6. Wo sehen Sie die größten Herausforderungen für Frauen in C-Level-Positionen?

Ich nenne das die „Onliness“: Eine von wenigen oder gar die einzige Frau in einem Raum voller Männer zu sein. Sich doppelt so stark beweisen zu müssen, um Erfolg zu haben. Die Überwindung von Vorurteilen und Stereotypen über die Rolle der Frau in der Wirtschaft und die Erkenntnis, dass nicht jeder daran gewöhnt ist, Frauen in der Führungsetage zu sehen. Und ganz sicher das Fehlen von Vorbildern.

7. Was können Unternehmen tun, um Frauen von Anfang an auf eine mögliche Rolle in den Vorständen vorzubereiten?

Board-Readiness entwickelt sich nicht über Nacht. Um die Diversität in den Vorständen zu erhöhen, müssen die Unternehmen mehr Frauen in Führungspositionen bringen und fördern. Sie müssen geschlechtsspezifische Karrierewege aufbrechen, damit Frauen nicht in Jobsilos stecken bleiben, die traditionell weiblich besetzt sind, wie z. B. Kommunikation, Personalwesen und unterstützende Funktionen. Und – was am wichtigsten ist – sie müssen eine Kultur der Inklusion fördern, d. h. sie müssen mit der bewussten Absicht führen, denken und handeln, alle einzubeziehen.

8. Was sind die strukturellen Probleme in großen Unternehmen?

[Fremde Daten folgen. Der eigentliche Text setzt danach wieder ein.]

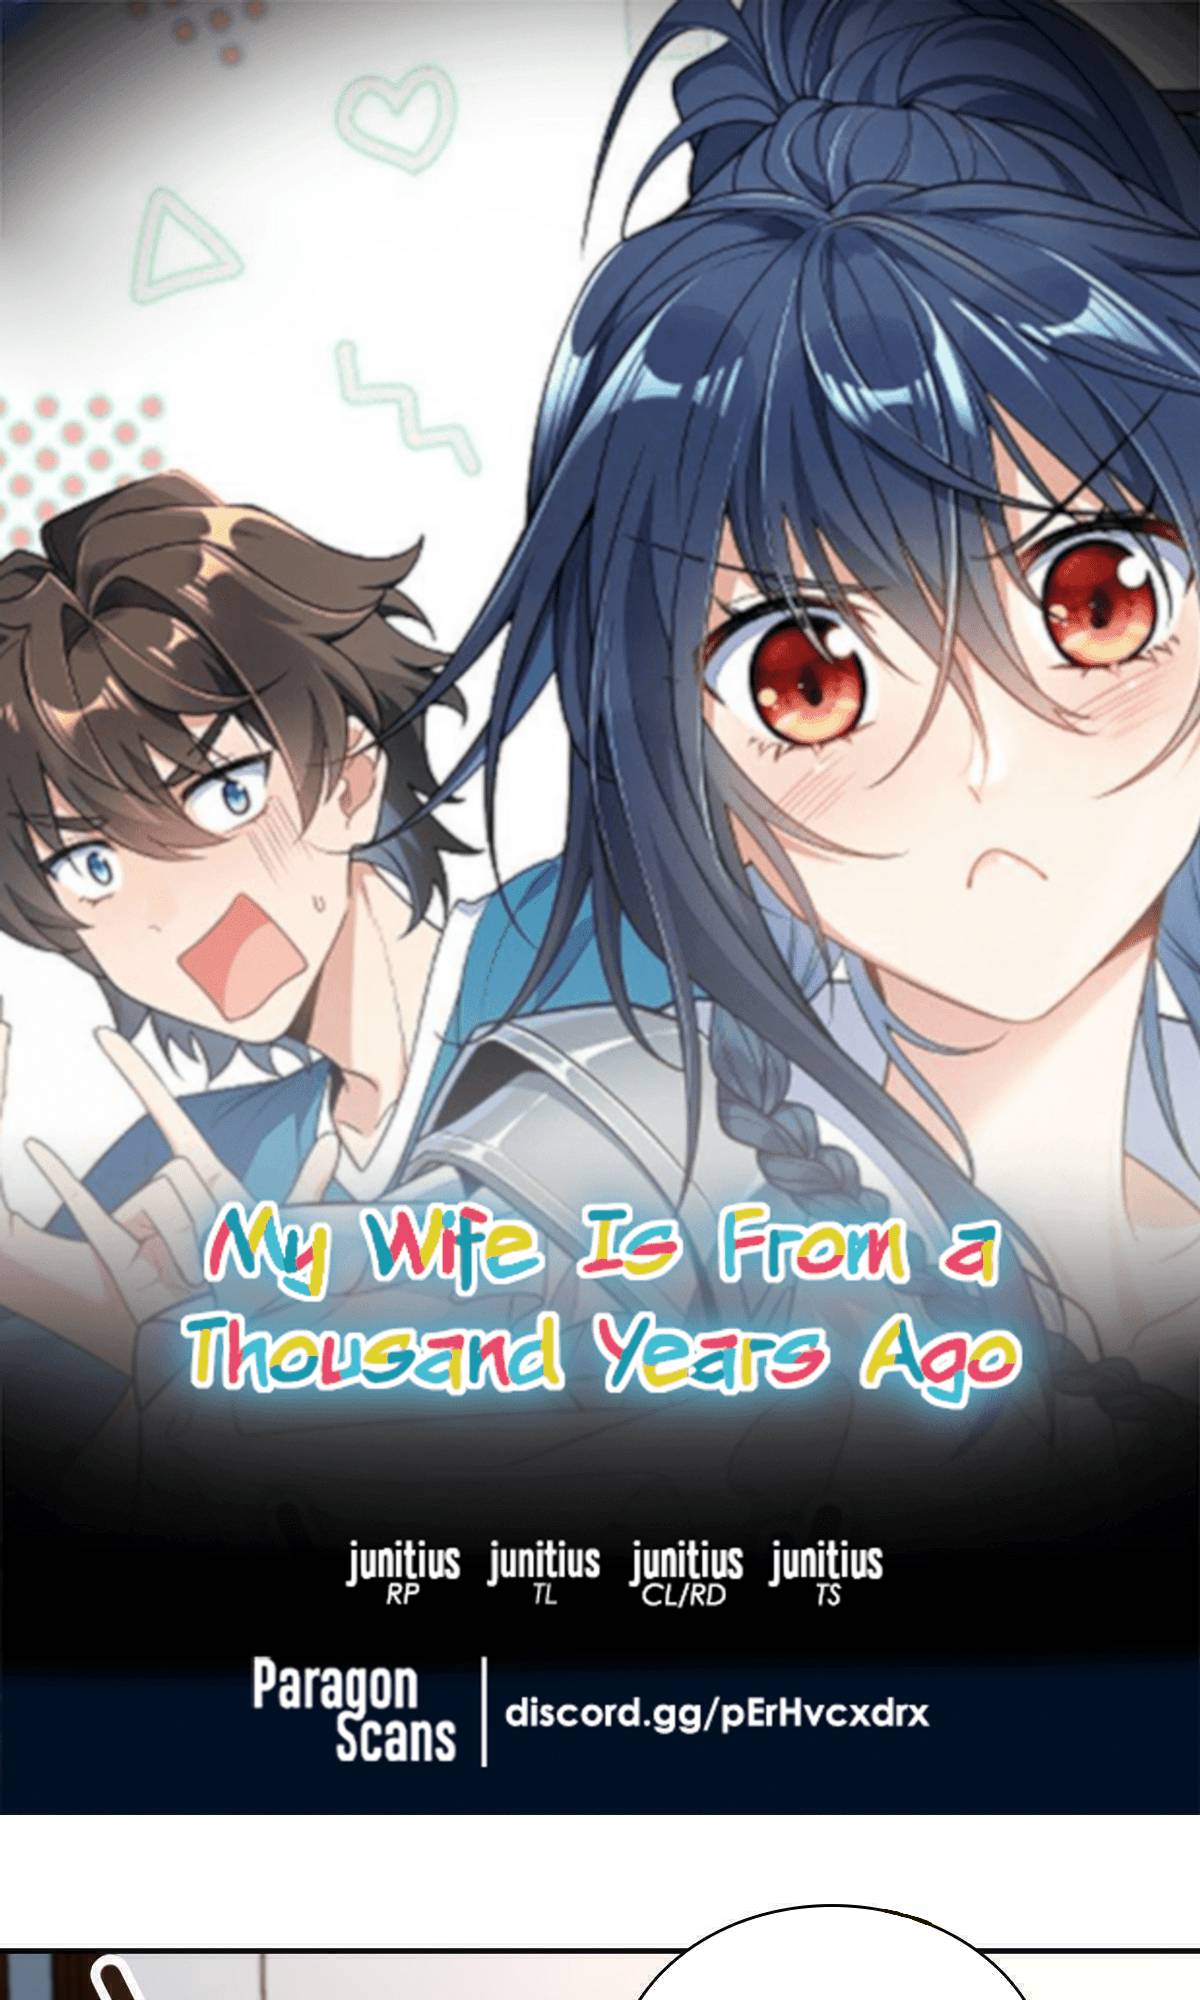 Read My Wife Is From a Thousand Years Ago Chapter 134 0

Der ungleiche Zugang zu Sponsorship bzw. Förderung am Arbeitsplatz ist eines der wichtigsten organisatorischen Hindernisse, die Frauen zurückhalten. Frauen werden in der Regel ermutigt, sich zu verändern und anzupassen, um in einem großen Unternehmen voranzukommen, während Männer öffentliche Unterstützung erhalten und dabei unterstützt werden, ihre Karriere selbst in die Hand zu nehmen. Ähnlich verhält es sich mit dem Fehlen gezielter Entwicklungserfahrungen für weibliche Talente – wie z. B. die Übernahme von Verantwortung für die Gewinn- und Verlustrechnung, die Leitung einer Produkt- oder Teamumstellung, die Erschließung einer neuen Einnahmequelle oder internationale Aufgaben. Der Mangel an Vorbildern und weniger mächtige Netzwerke ist ein weiterer hemmender Faktor, während implizite Voreingenommenheit und geschlechtsspezifische Stereotypen den Aufstieg von Frauen in großen Unternehmen ebenfalls oft behindern, insbesondere weil sie schwer zu beobachten oder zu beeinflussen sind.

9. Was ist Ihr persönliches Fazit aus Ihrer Zeit in Aufsichtsräten?

Diversität ist wichtig, vor allem auf Vorstandsebene. Wir leben in einer komplexen und sich schnell verändernden Welt, so dass die Vielfalt an Fachwissen, Erfahrung, Perspektiven, Geschlecht und Alter, um nur einige zu nennen, bei der Entscheidungsfindung von essenzieller Bedeutung ist. Diversität fördert Meinungsverschiedenheiten – und das ist gut so. Bei geschäftlichen Entscheidungen ist es das Schlimmste und die größte Zeitverschwendung, wenn man sich an einen Tisch setzt und sich alle einig sind.